McSally, the Republican Party nominee, leads her Democratic challenger, Sinema, 49 percent to 48 percent in the latest poll to come out on Arizona’s Senate election. McSally’s one-point lead places the contest well within the survey’s margin-of-error of 3.9 percent — indicating it’s anyone’s game in a state that is witnessing record voter turnout.

The survey — released by OH Predictive Insights and ABC15 Arizona — was conducted on Nov. 2-3 and reached out to 631 likely voters via cell phone and landline.

“Arizona is seeing a historic midterm election turnout and Democratic voters are defying past historic early voting trends,” Mike Noble, the chief pollster of OH Predictive Insights, said in a statement. “The race has tightened and it’s fitting that the winner will be decided based on who can best turn out out their voters on Election Day.”

“A Republican turnout operation will be crucial to combat Democratic excitement. While many more of the votes for Sinema are already cast and guaranteed, McSally needs to pin her votes down and solidify them,” read an analysis from OH Predictive Insights.

The research company found that 88 percent of Sinema’s voters have already gone to the polls, whereas only 70 percent of McSally’s supporters have done the same. (RELATED: Martha McSally Is Trailing In Latest Arizona Senate Poll)

The survey is a sharp turnaround since ABC15/OHPI’s last survey released on Nov. 1, which found McSally leading Sinema by seven points, 52 percent to 45 percent.

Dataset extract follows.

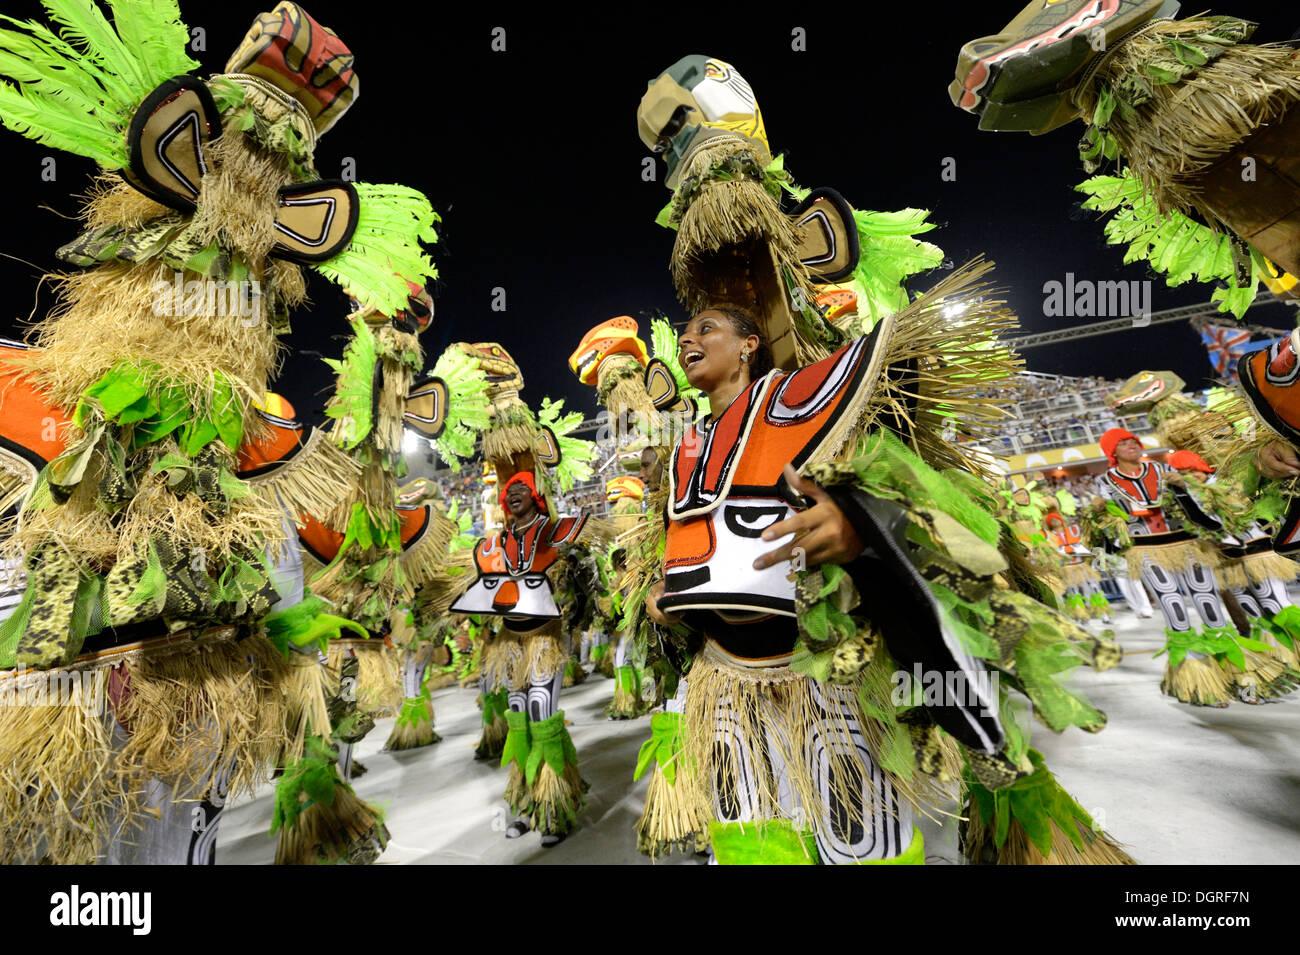 Brasil, Rio de Janeiro, Carnival, Samba schools performing in costumes - Stock Image
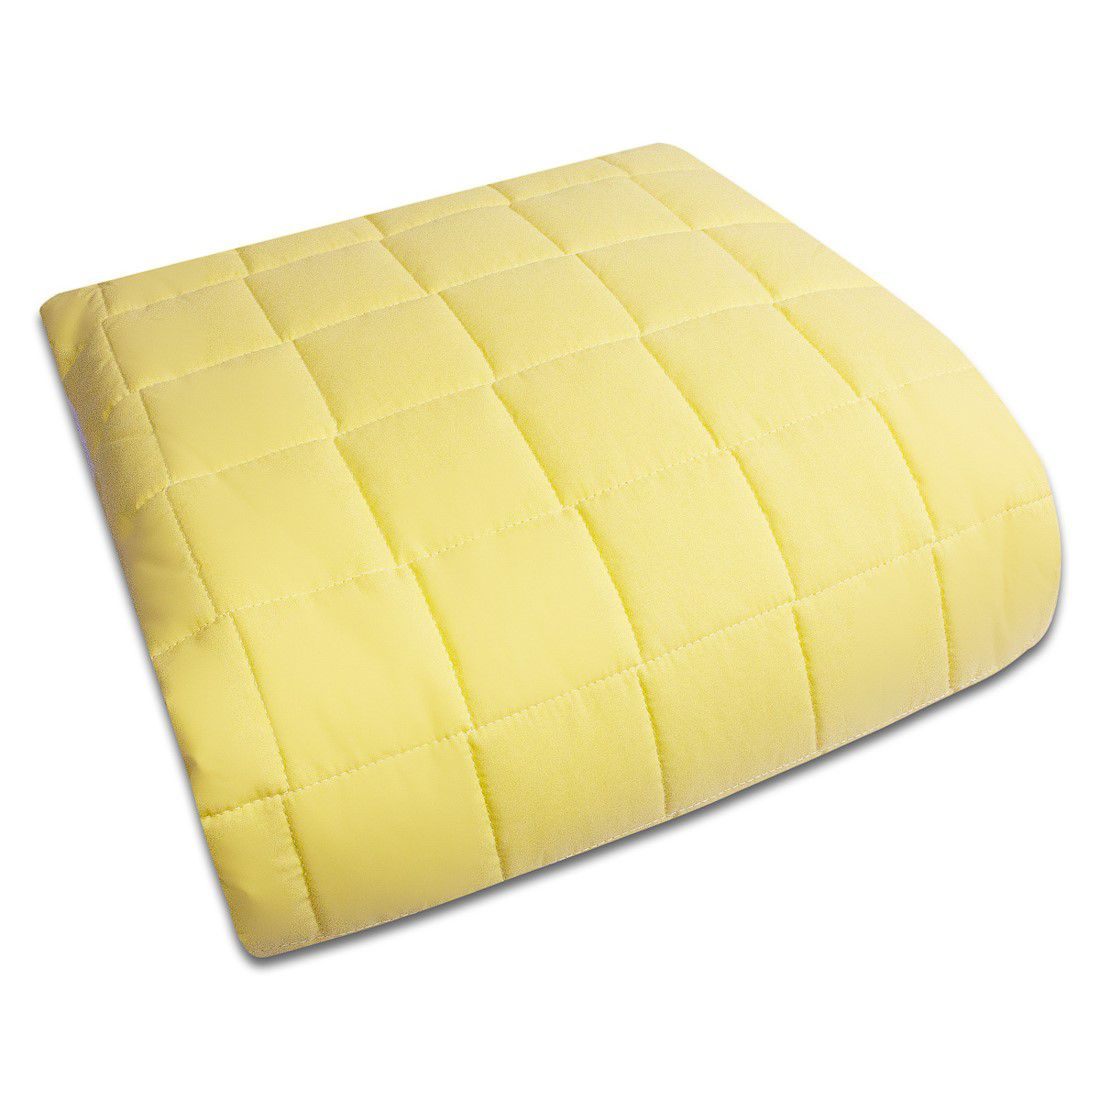 Colcha Com Elástico Percal 200 Fios Cubos amarelo Claro

President Trump Holds Rally In Mesa, Arizona

MESA, AZ – OCTOBER 19: U.S. Senate candidate Martha McSally, R-Ariz, speaks during a rally for President Donald Trump at the International Air Response facility on October 19, 2018 in Mesa, Arizona. (Photo by Ralph Freso/Getty Images)

Several factors have shaped the neck-and-neck contest.

Numerous instances of Sinema’s anti-war, extreme past have come back to haunt her in the waning days of the election. For instance, she said in a 2003 radio interview that she didn’t care if Americans wished to join the Taliban — a line she has stumbled to answer. She has also had to face negative headlines when it was revealed she was previously a part of an anti-war group that depicted American soldiers as skeletons.

The Democratic congresswoman, however, was helped with the exit of Green Party candidate Angela Green five days before the election. Green — who said Sinema’s views are very similar to her own —  immediately endorsed Sinema after dropping out.

The Real Clear Politics average of the latest polls shows Sinema with an aggregate lead of 1.2 percent. Real Clear Politics and the Cook Political Report rate the race as a “tossup,” whereas Inside Elections gives it a “tilt Democratic” rating.